Unifeed
CÔTE D’IVOIRE / ELECTORAL COMMISSION
STORY : CÔTE D’IVOIRE / ELECTORAL COMMISSION
TRT: 2:30
SOURCE: UNOCI
RESTRICTIONS: NONE
LANGUAGE: FRENCH / NATS
DATELINE: 5 MARCH 2010, ABIDJAN, CÔTE D’IVOIRE
1. Various shots, headquarters of Independent Electoral Commission (IEC)
2. Med shot, application submission to new IEC President
3. SOUNDBITE (French) Youssouf Bakayoko, New President, IEC:
“Mr. Robert Mambe Beugre we deliver today the building that has led and we will try to bring him safely.”
4. Med shot, signing books
5. SOUNDBITE (French) Youssouf Bakayoko, New President, IEC:
“All operations, all audits should also be done under the eye of converging the population and the international community.”
6. Wide shot, former IEC President meeting new IEC President
7. SOUNDBITE (French) Robert Mambe Beugre, Former President, IEC:
“Thank God for giving us help to make a little over 95% of difficult and delicate tasks listed in the electoral calendar.”
8. Various shots, IEC members
Côte d’Ivoire’s newly elected Independent Electoral Commission (CEI) officially began work on Friday (5 March) paving the way for the country’s delayed presidential elections.

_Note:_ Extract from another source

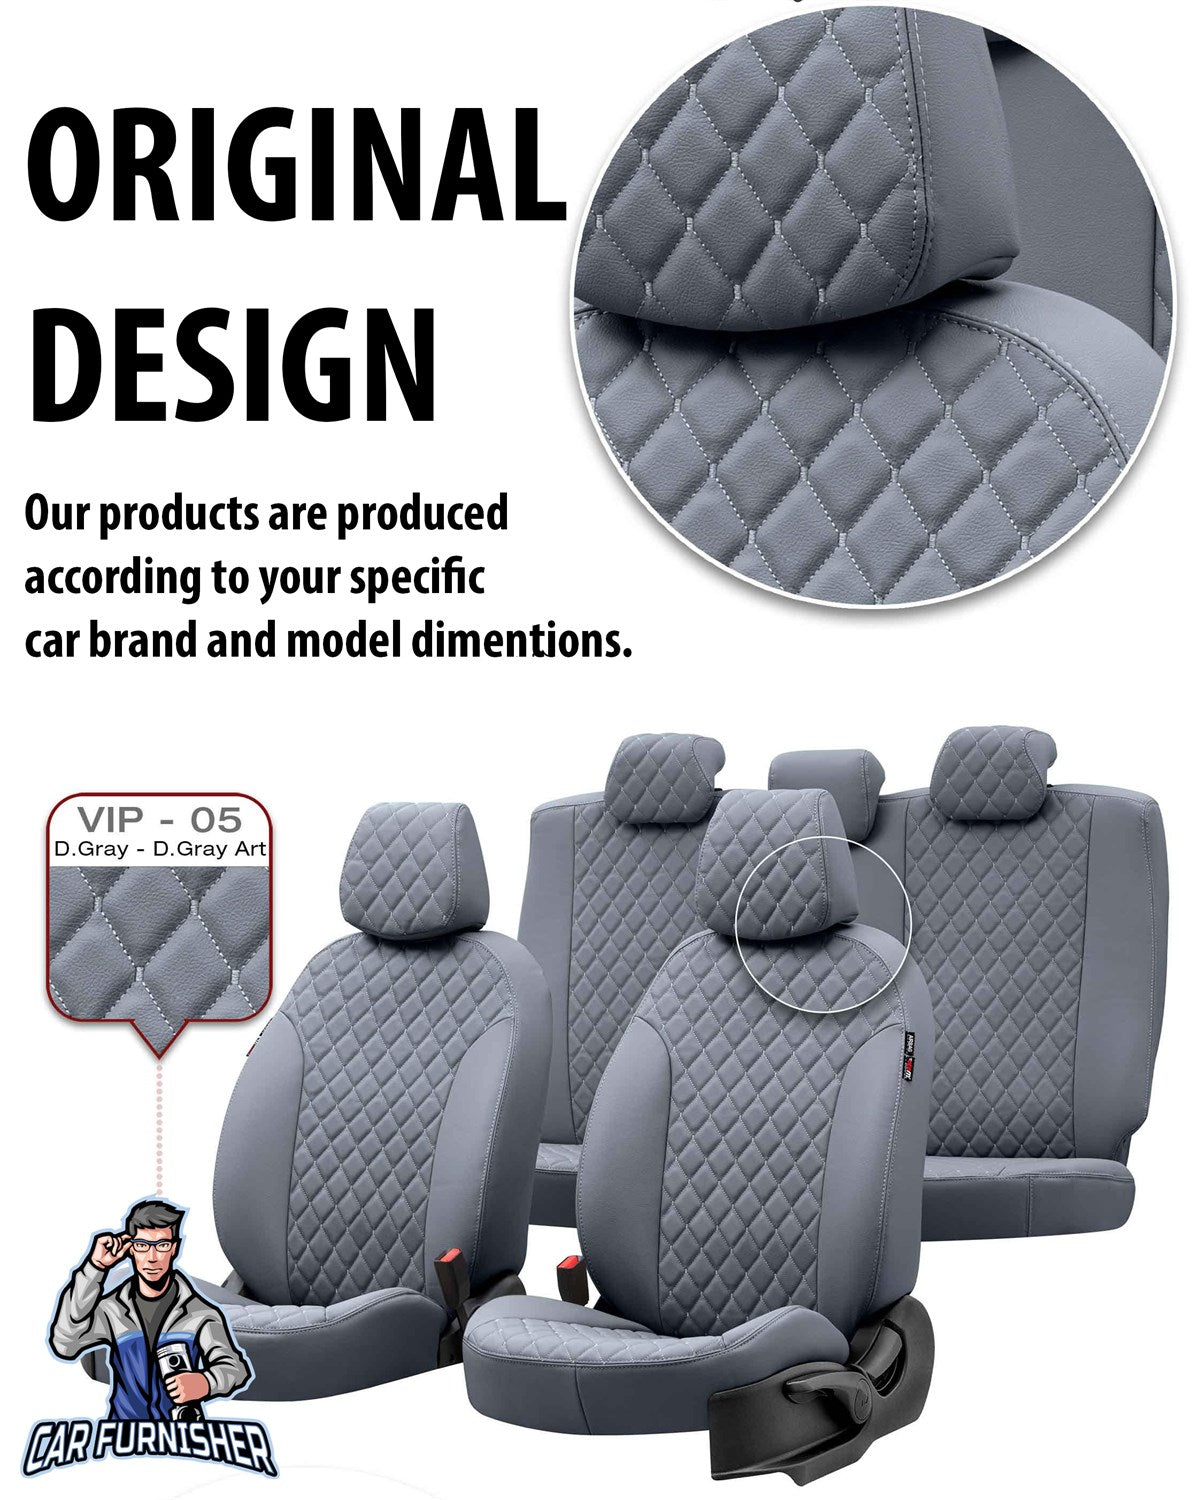 Toyota Hilux Seat Cover Madrid Leather Design Smoked Leather

The CEI’s new President, Youssouf Bakayoko, a member of the opposition Democratic Party of Ivory Coast (PDCI), replaced the outgoing President Robert Beugre Mambe.
Earlier this year, in February, Côte d’Ivoire’s President Laurent Gbagbo dissolved the old CEI and requested Prime Minister Guillaume Soro to form a new CEI causing a month-long political crisis in the country.
The CEI will work with the country’s newly formed government to organize free and fair elections to be held in two months as agreed among local parties and Blaise Compaore, President of Burkina Faso and mediator for the political crisis in Côte d’Ivoire.
CEI's new President Bakayoko added that the CEI’s operations will be open and transparent.
The new government was announced last week and includes 11 members of the opposition.